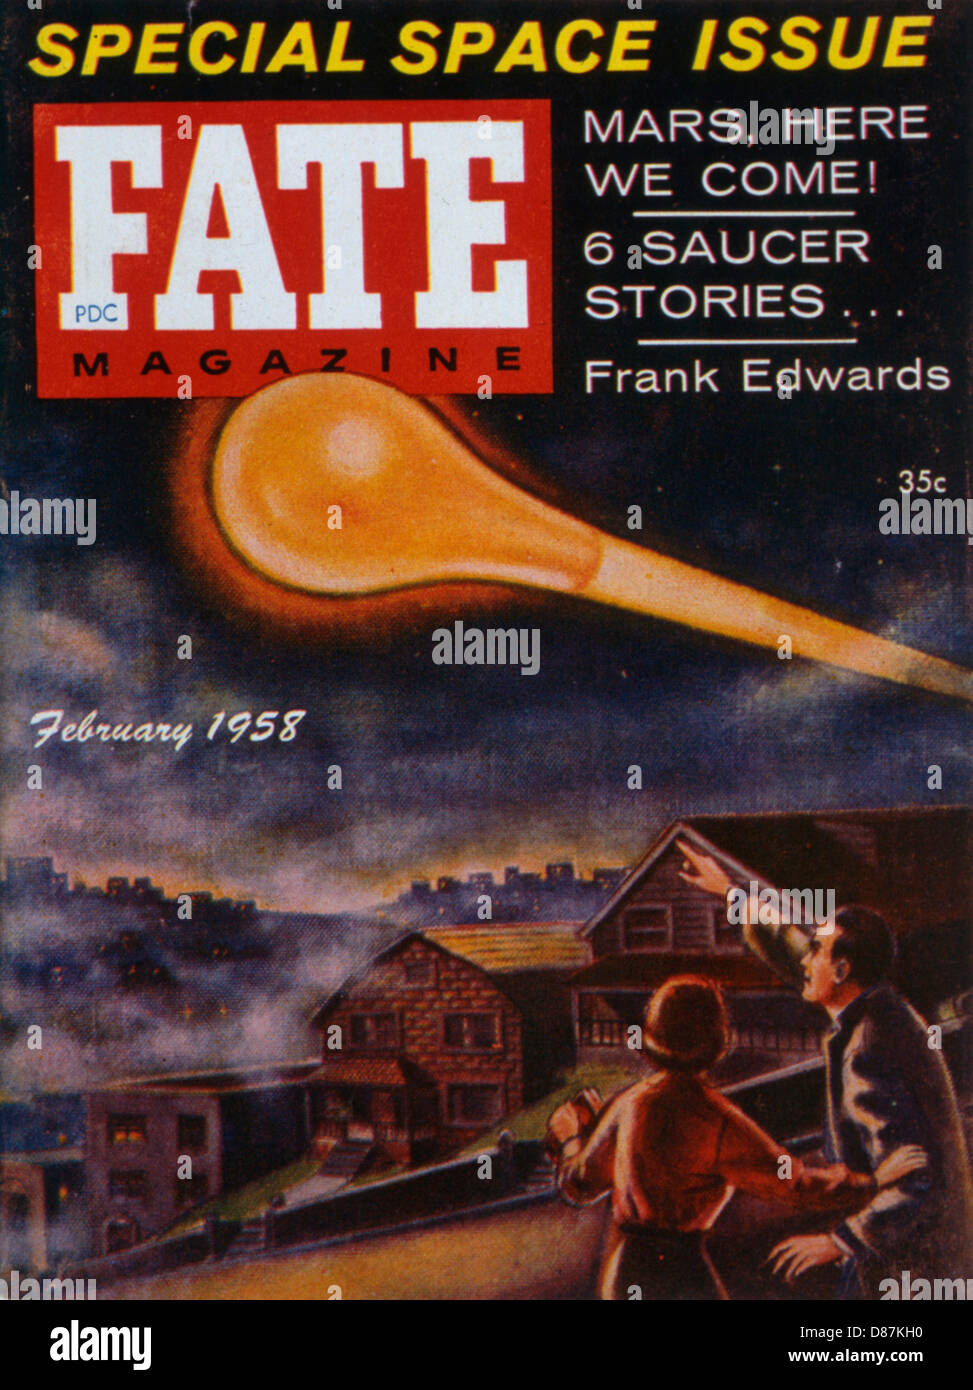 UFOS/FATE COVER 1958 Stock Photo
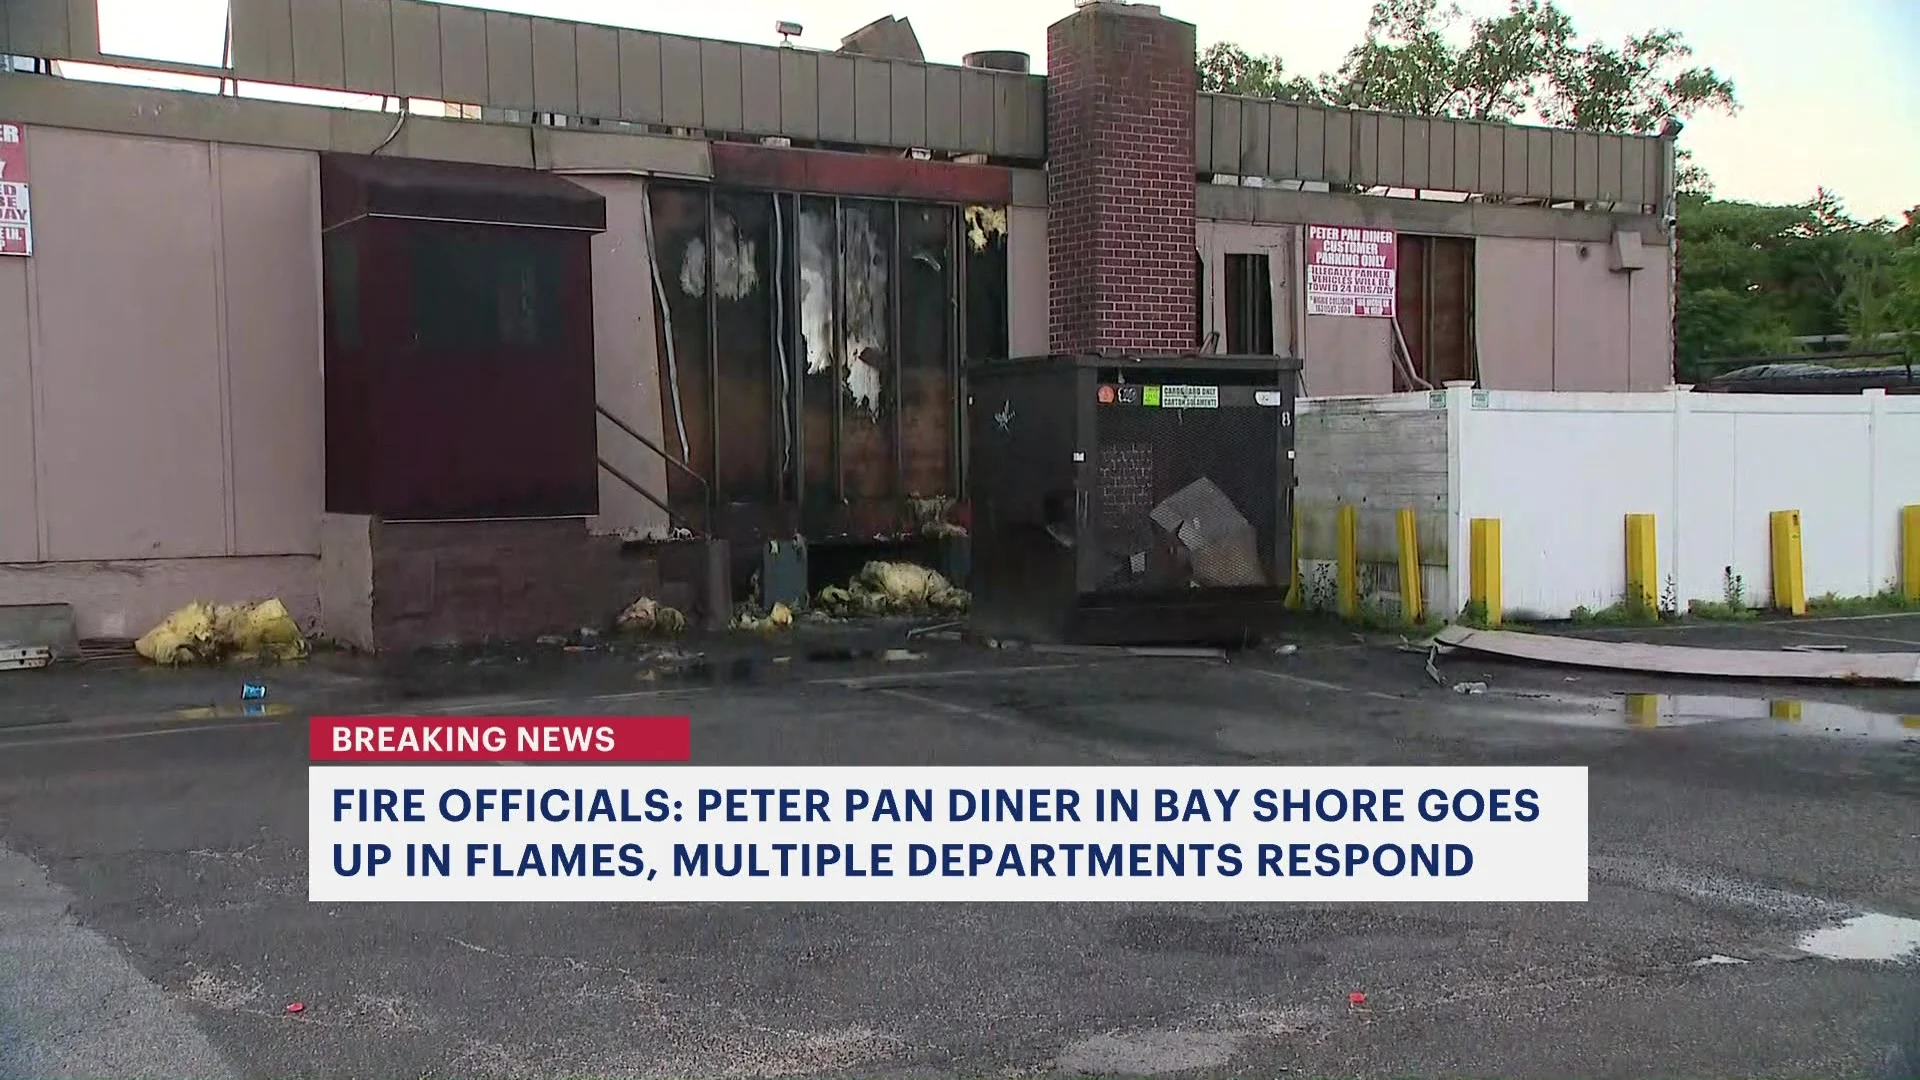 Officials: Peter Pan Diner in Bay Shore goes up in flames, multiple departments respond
■ ■ ■
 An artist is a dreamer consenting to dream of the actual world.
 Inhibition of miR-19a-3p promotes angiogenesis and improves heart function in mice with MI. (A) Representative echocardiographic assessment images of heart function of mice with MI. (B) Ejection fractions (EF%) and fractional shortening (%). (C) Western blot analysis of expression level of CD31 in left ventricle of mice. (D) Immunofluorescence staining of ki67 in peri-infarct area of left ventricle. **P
■ ■ ■
- **What is needed**
Only one stretch of the data is wanted: write out exactly the lines from the one holding "UFOS/FATE COVER 1958 Stock Photo" through the one holding "Officials: Peter Pan", both included, without the pictures.

- **Task output**
 UFOS/FATE COVER 1958 Stock Photo
 Officials: Peter Pan Diner in Bay Shore goes up in flames, multiple departments respond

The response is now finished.